Read the table as one rule with two halves: the shelf-critical facts are pinned to the glass, and the e-label is a neutral reference sheet — never a marketing surface.

What can move behind the QR code?

Everything else in the new mandatory set — the full ingredient list and the full nutrition declaration — may be provided electronically instead of on paper. This is the off-label option, and the electronic destination is what the trade calls an e-label. In practice a compliant physical label can be quite lean: the energy value, the allergen line, and a QR code. Scan the code and you reach a page carrying the complete ingredient list and the complete nutrition table. Regulation (EU) 2021/2117 permits this, and Commission Delegated Regulation (EU) 2023/1606 sets the conditions the electronic page must meet.

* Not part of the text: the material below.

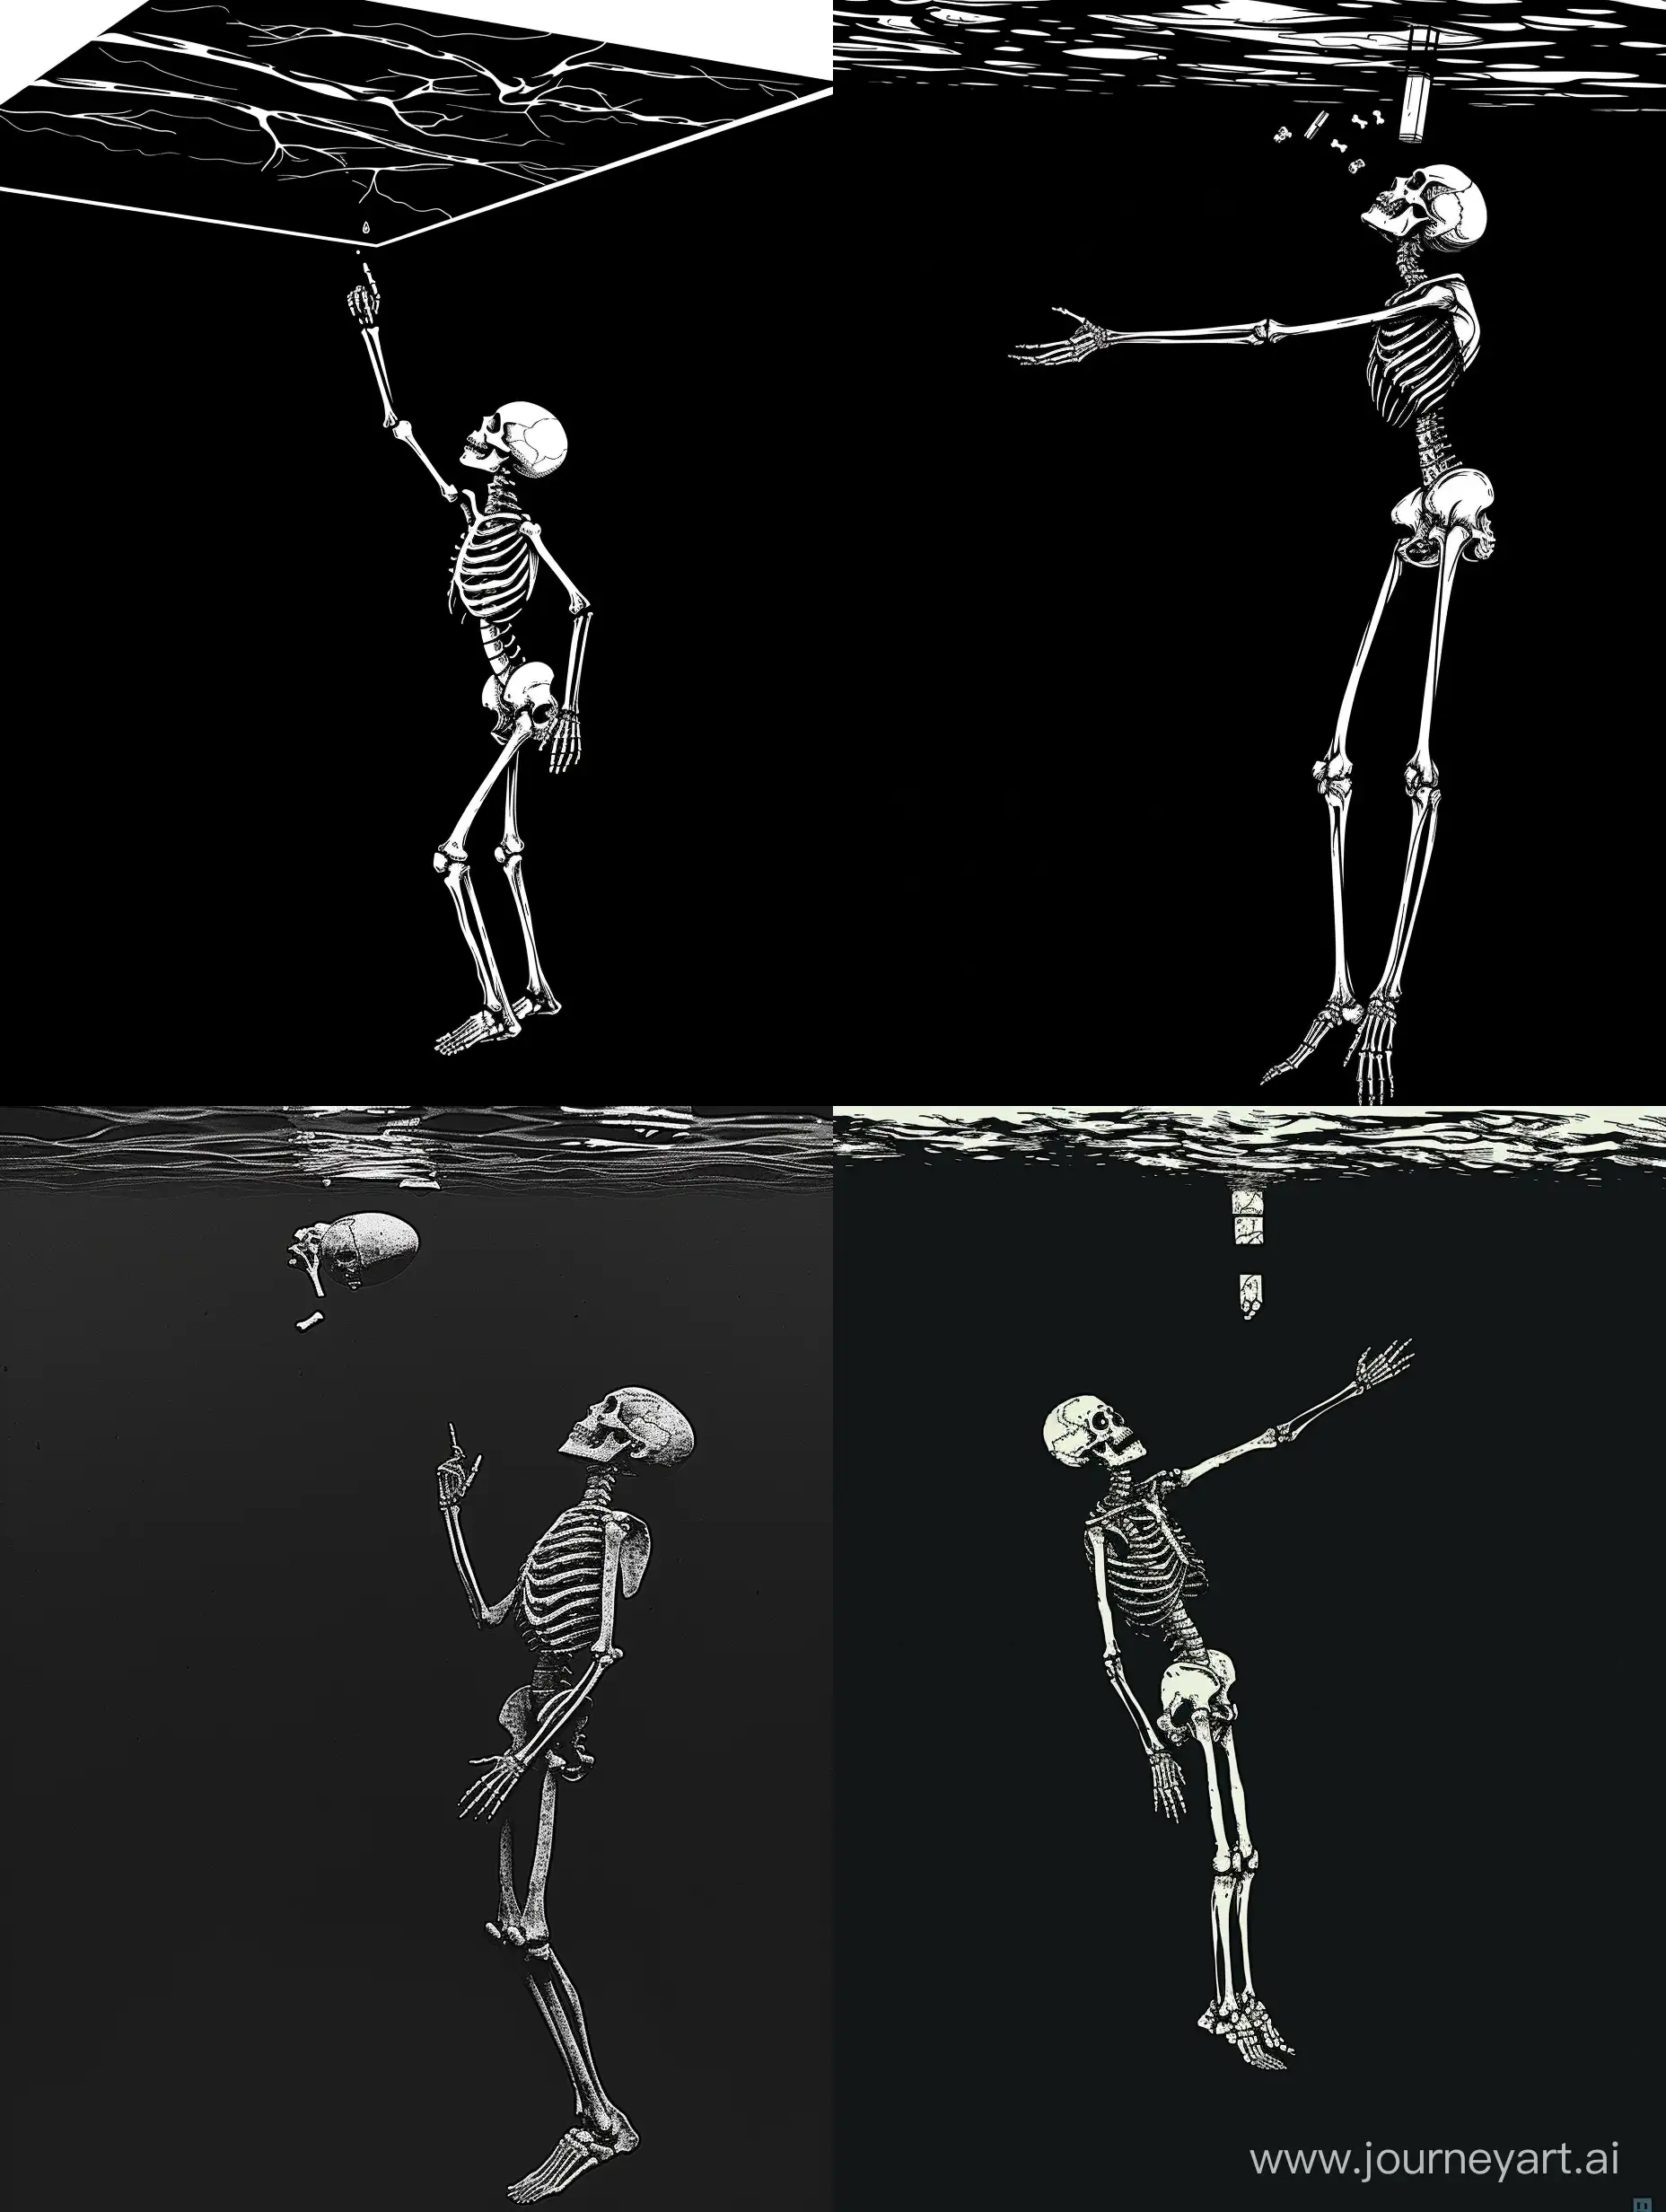 logo, minimalistic, deadman in full length who located in the corner on the ceiling, sad, looks at the object from below and extends his index finger towards it, looks down, bones, skeleton, black background

Those conditions are stricter than they first appear, and they are where good intentions quietly go wrong.

The e-label page must be neutral

The page a QR code leads to may show only the regulated information. It must not carry marketing or sales content, and it must not collect or monitor any user data. Both are strict rules with no exceptions. That means no analytics pixel counting scans, no “sign up for our newsletter”, no shop link on the ingredients page, no cookie banner harvesting consent for advertising. If your marketing platform generates QR codes that track opens or funnel visitors to a product page, it is the wrong tool for this job — and, as the port example shows, it is exactly the kind of thing an importer’s audit is looking for.

The information must be as accessible as print

The electronic information has to be at least as visible and accessible to the consumer as it would be on a physical label. A page that demands an app, a login, a language the buyer cannot read, or a slow load fails that test. And the word Ingredients must be easy to identify — a bare i icon on the code is not enough, as the Commission clarified, because a consumer must not confuse the regulated destination with a general marketing link.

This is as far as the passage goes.